The Smoking Section

Posted: December 31, 2008 in Miscellaneous


Some people have a bookie or a dealer for their habits; I have Mikey to supply me with books to read over Christmas break. That doesn’t sound as exciting, but books are arguably more dangerous.

I finished When You Are Engulfed in Flames by David Sedaris yesterday. A few of my old Arkansas friends who, contrary to our upbringing have learned to appreciate essays written by gay atheists, spoke highly of Sedaris. And they were right once again.

Most of the essays are about ten pages long (just my size) and have nothing to do with being engulfed in flames. The showpiece of the book, however, is an eighty-page essay about Sedaris quitting smoking in Tokyo. Really funny stuff. Plus, it made me think about my dad.

I guess my dad smoked unfiltered Camels for about sixty years…well, he did quit for a little while a few years before he died. He never made family announcements, so I’m not sure how I knew he had quit (my guess is that my mom whispered it to me on the side, but maybe it was just so obvious that even I noticed it). I do remember he had been really, really sick – so sick that he couldn’t smoke, so when he recovered he decided to just run with it. It wasn’t long, however, until he was sneaking around to steal a smoke. Kind of funny now to picture a seventy-year old man sneaking a cigarette like he was a kid again.

Eventually I guess he decided to admit he didn’t have the willpower at the time, or more likely, that he was an old man and this was ridiculous: if he wanted to smoke, why should any of us care?

I didn’t care, though I always HATED the smell. Just hated it. I’m sure this confirms my prudishness, but I never even tried one. Prudish or not, I know it confirms my independent streak. I never did consider nausea a necessary rite of passage in spite of the popular perception.

But I simply cannot bring myself to dislike smokers. After all, smokers remind me of my dad.

The anti-smoking phenomenon has been pretty crazy. I doubt if smoking will ever disappear, but it is surely a different world than when I was a kid.

As Sedaris put it, “It seems crazy to cut smoking mothers out of textbooks, but within a few years they won’t be allowed in movies either. A woman can throw her newborn child from the roof of a high-rise building. She can then retrieve the body and stomp on it while shooting into the windows of a day care center, but to celebrate these murders by lighting a cigarette is to send a harmful message. There are, after all, young people watching, and we wouldn’t want them to get the wrong idea.”

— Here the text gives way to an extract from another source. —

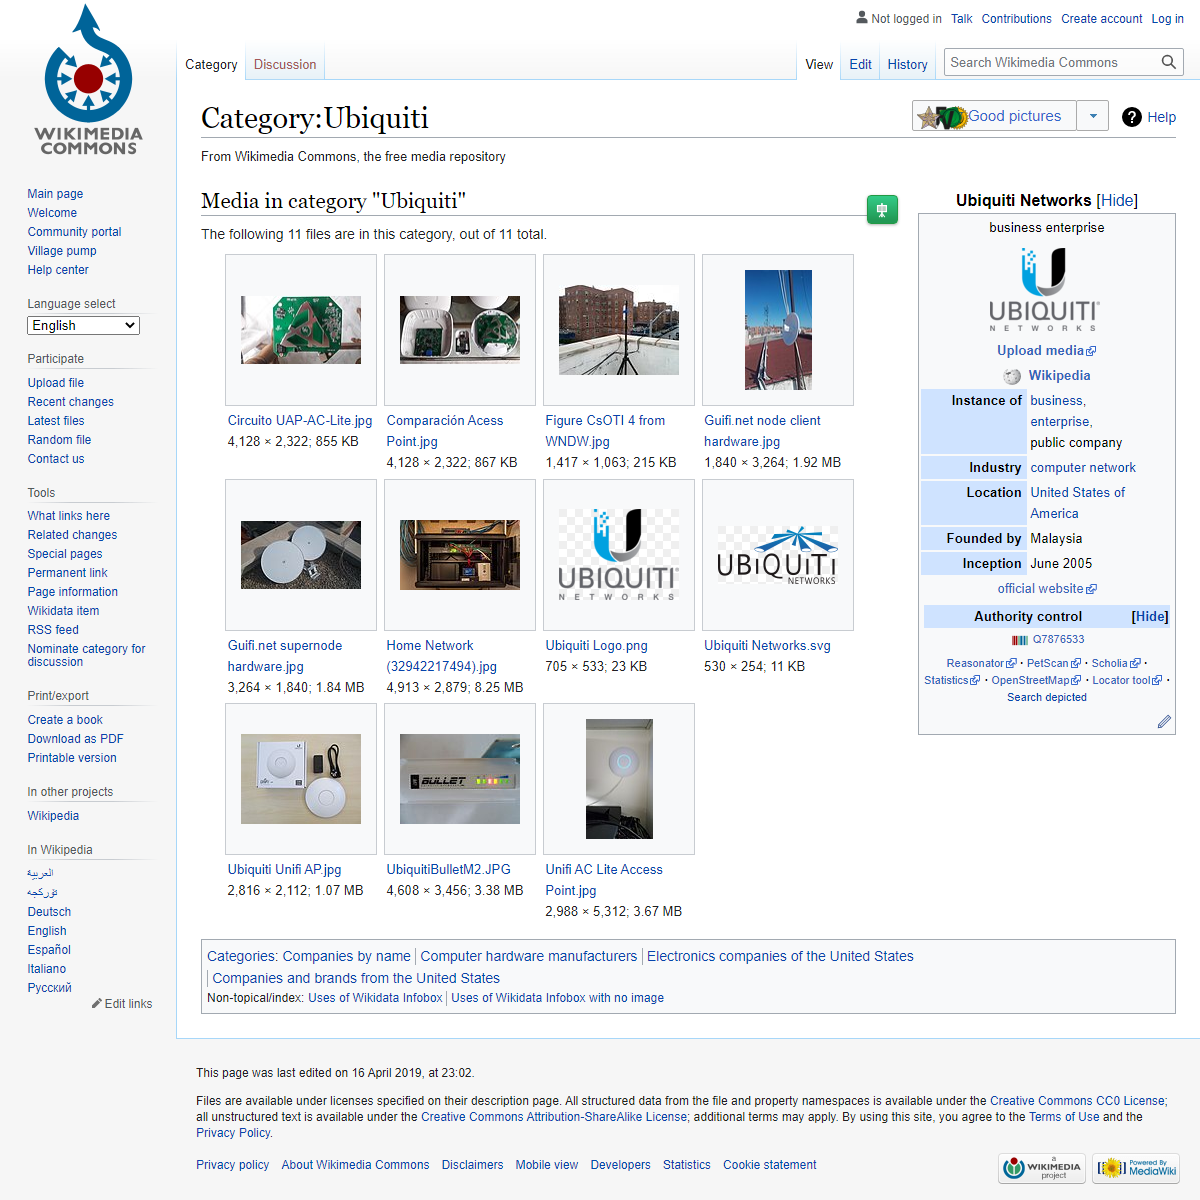 A complete backup of https://commons.wikimedia.org/wiki/Category:Ubiquiti

I have no point, so if you’re looking for one I’m sorry to disappoint. I just enjoyed Sedaris and am feeling somewhat thankful for his making me think about my dad again.

  1. terryaustin says:

    Just downloaded the author-narrated audio version of this last night. Sedaris is a riot.

    Sad but true: I had one free audiobook download credit, and narrowed my choices down to The Message and Sedaris.